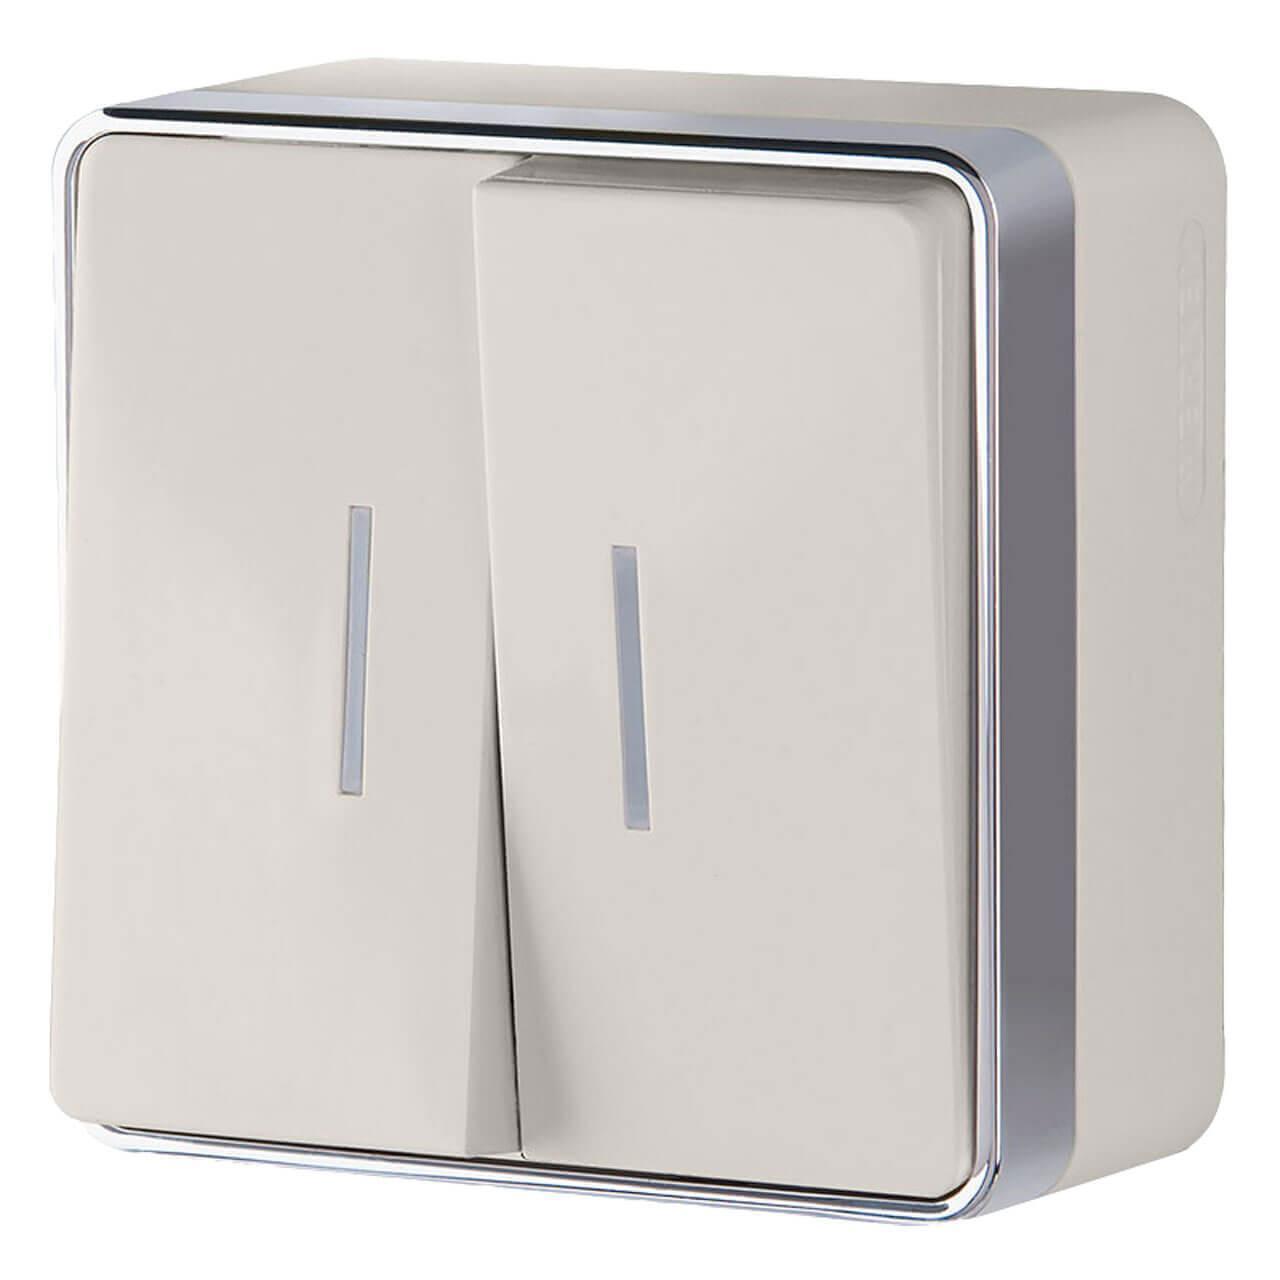 Выключатель Werkel двухклавишный с подсветкой Gallant слоновая кость WL15-03-03 4690389102202
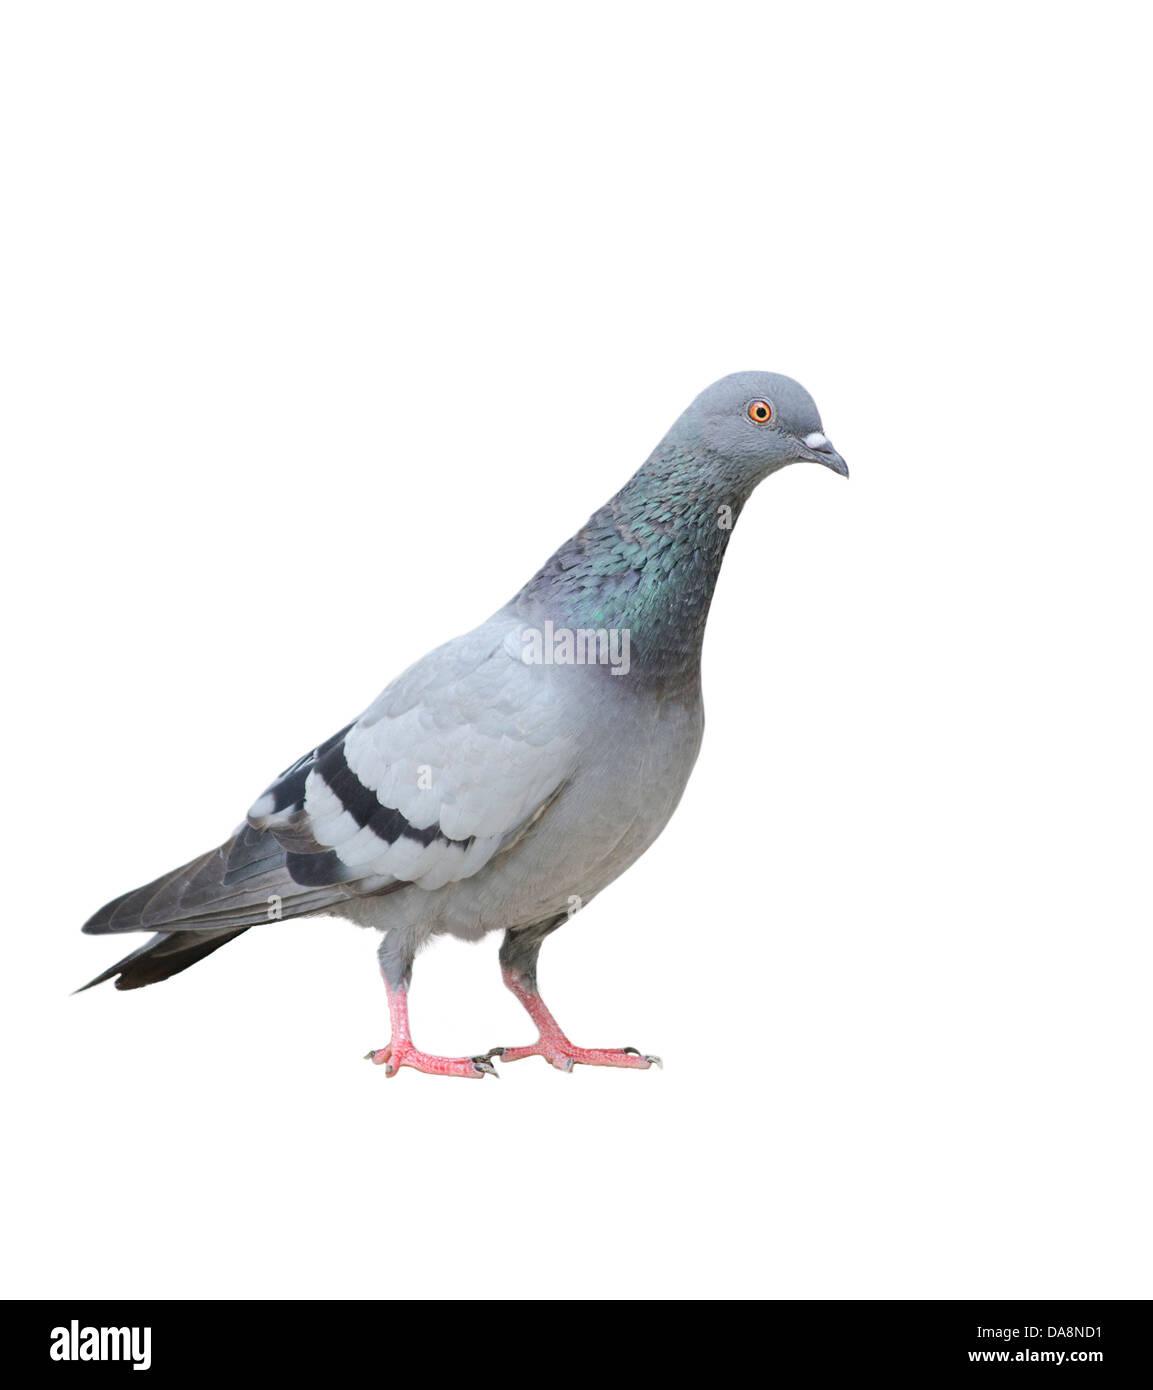 Un piccione contro uno sfondo bianco Immagini Stock
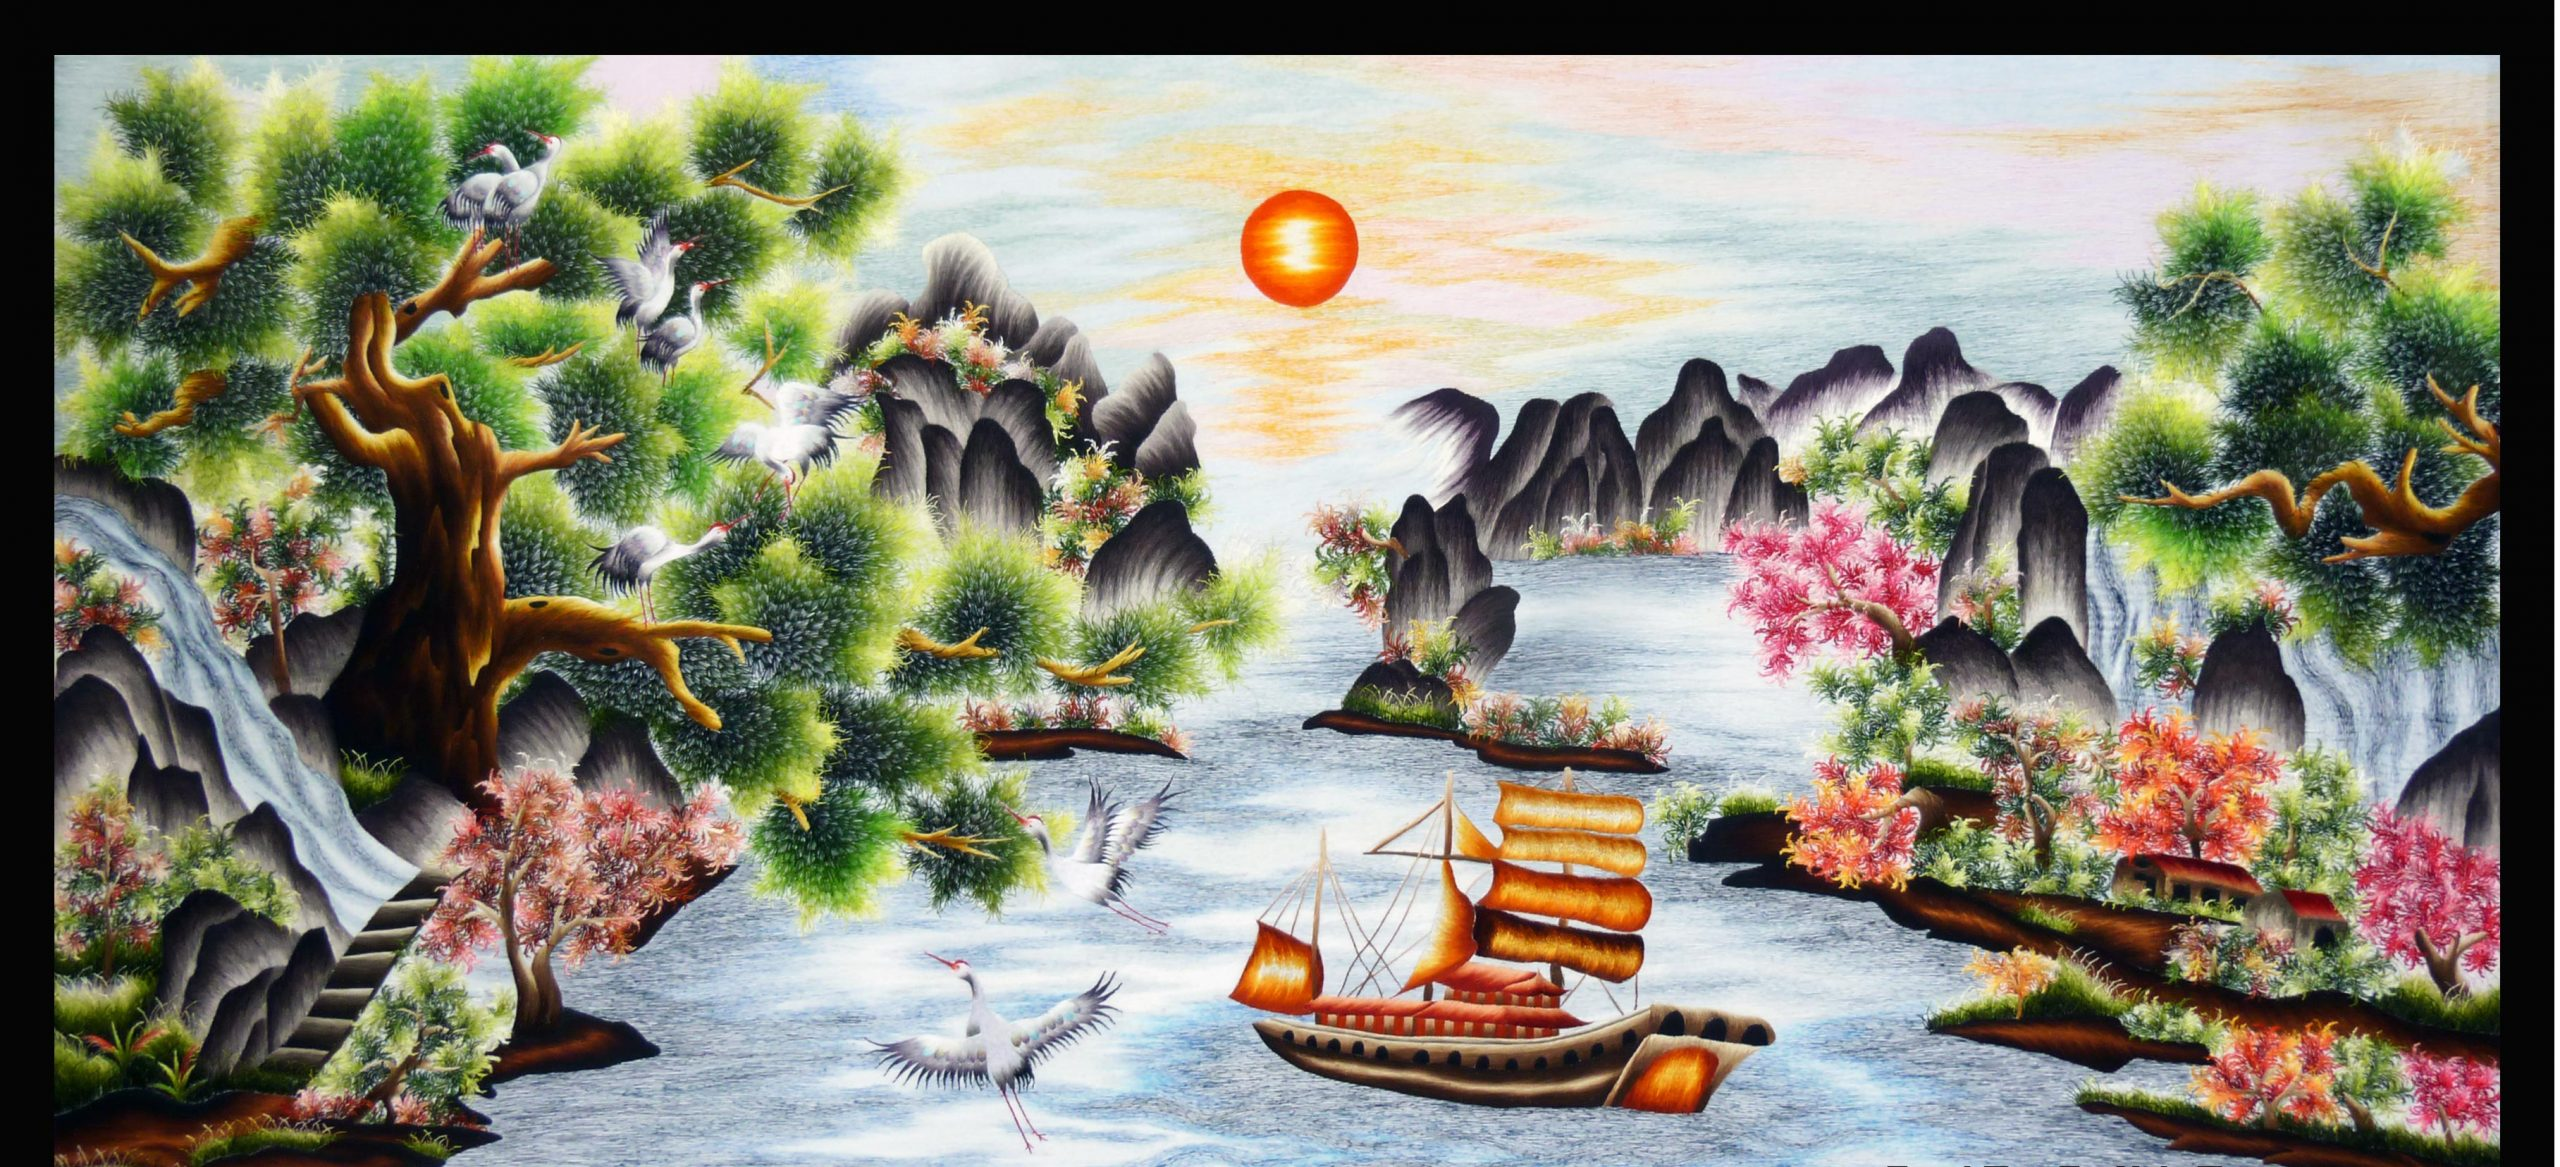 Tranh thêu thuận buồm xuôi gió và ý nghĩa phong thủy trong năm 2020 6
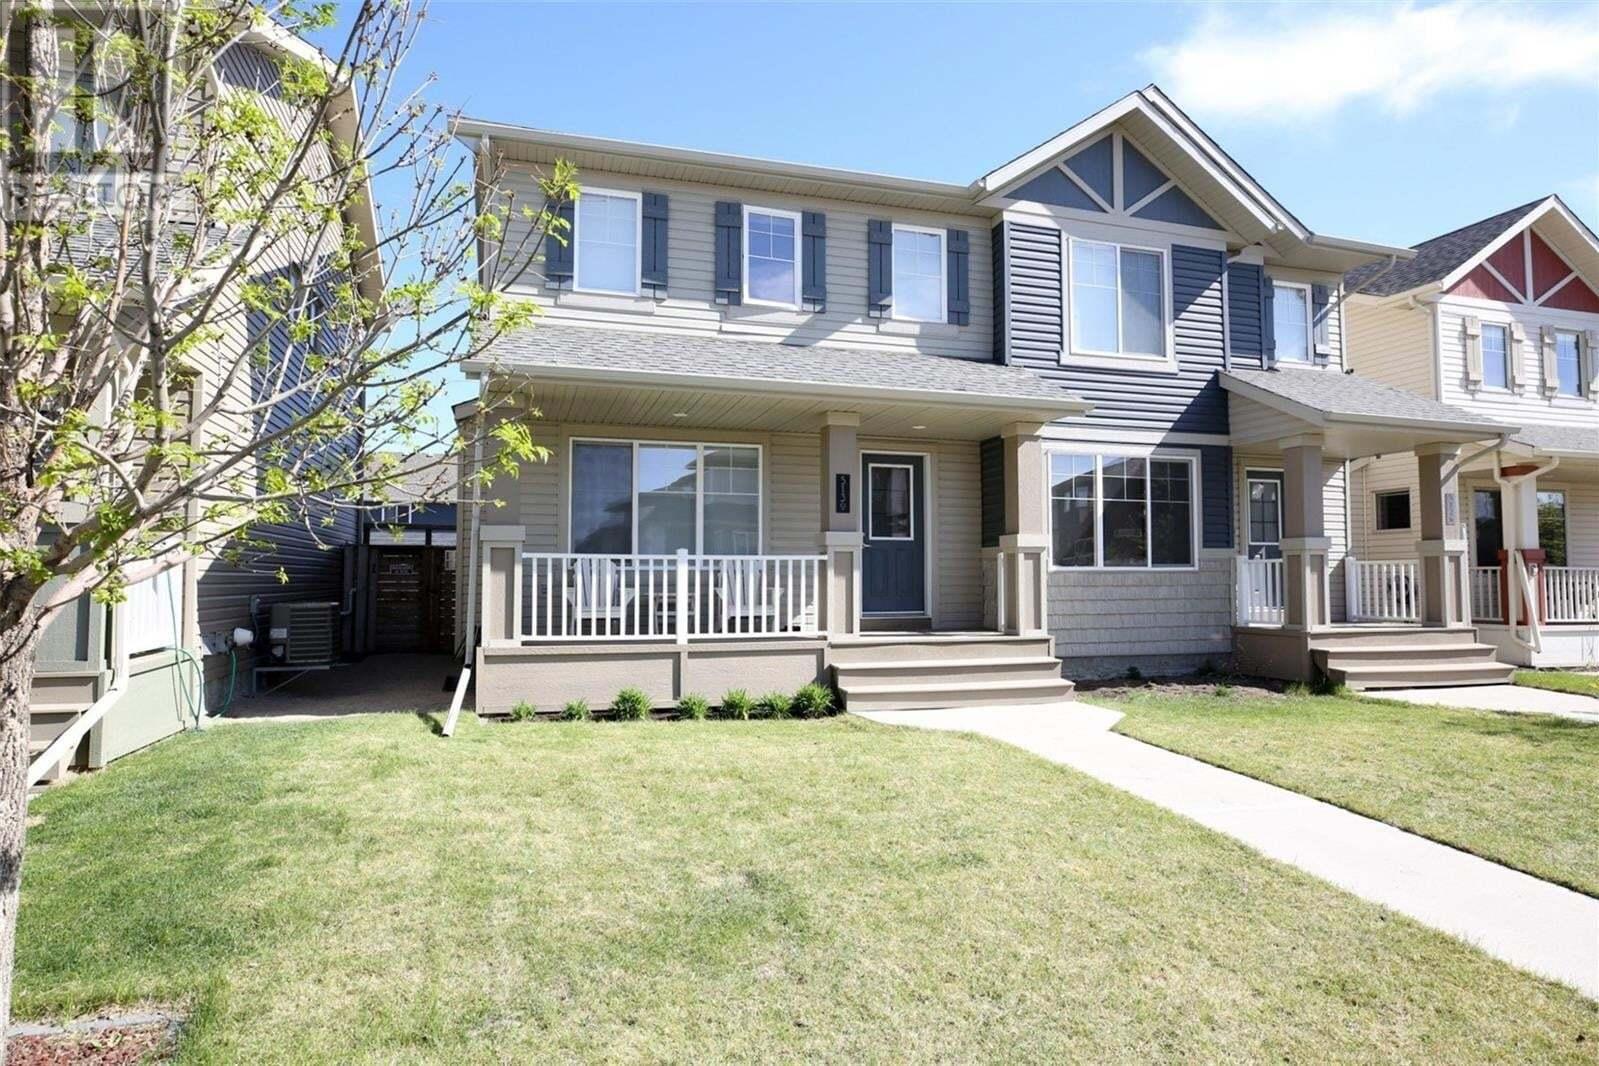 House for sale at 5130 Mitchinson Wy Regina Saskatchewan - MLS: SK809851
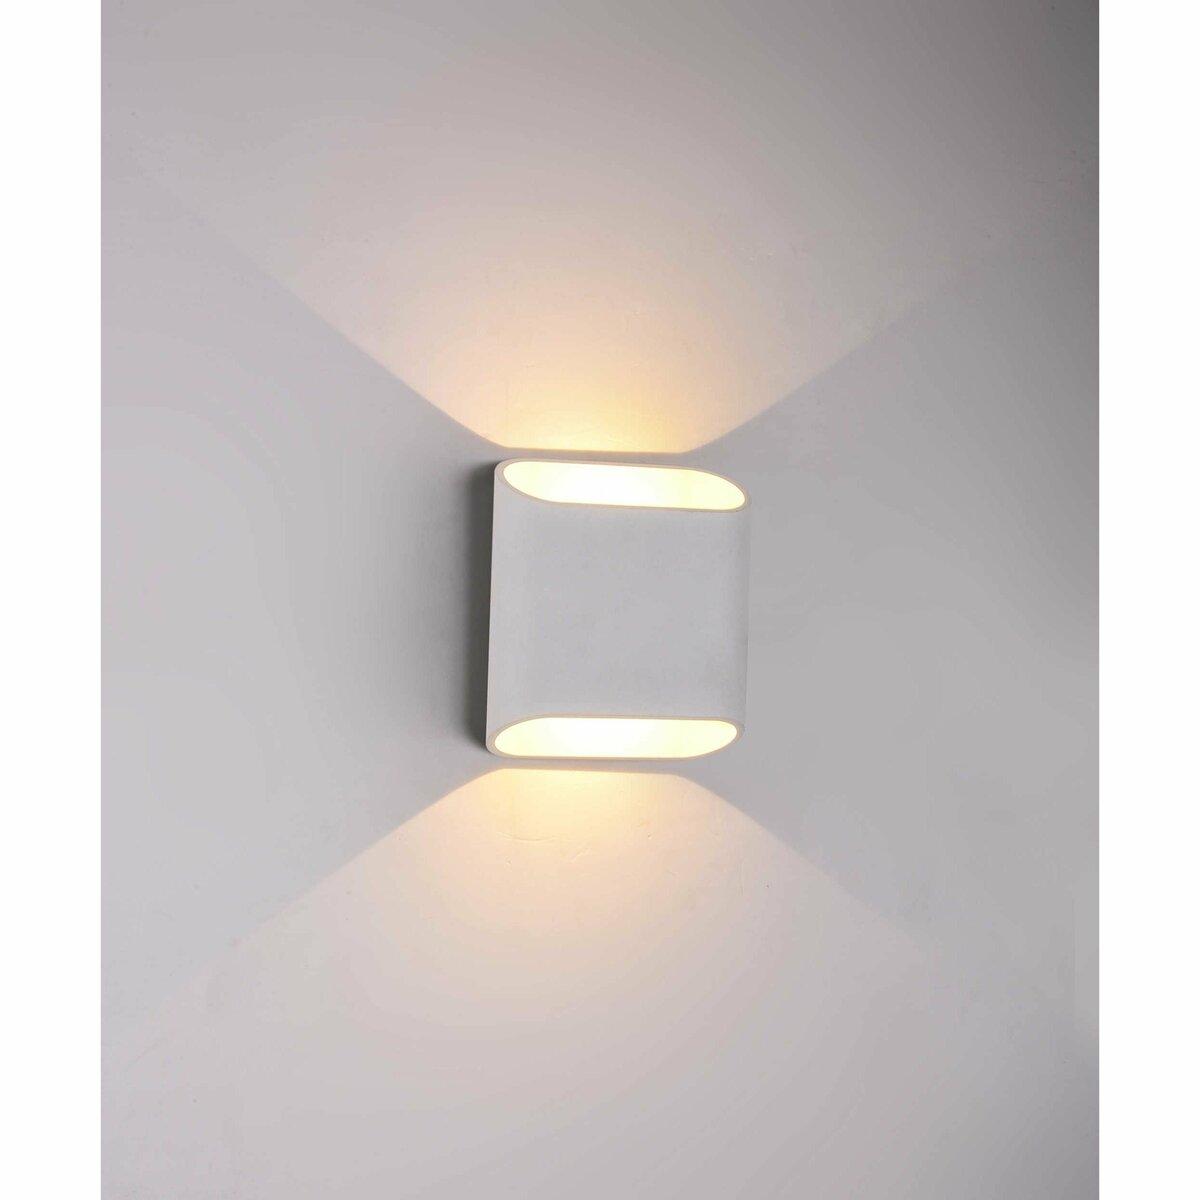 Bild 1 von DesignLive LED-Außenwandleuchte   AVENUE

◆ ◆ ◆ ◆ ◆

_Problem:_
Write out exactly the lines from the line holding "Tranh thêu thuận" through the last line of the records above, inclusive, and nothing more. Leave out the pictures.

_Output:_
 Tranh thêu thuận buồm xuôi gió và ý nghĩa phong thủy trong năm 2020 6
 House for sale at 5130 Mitchinson Wy Regina Saskatchewan - MLS: SK809851
 Bild 1 von DesignLive LED-Außenwandleuchte   AVENUE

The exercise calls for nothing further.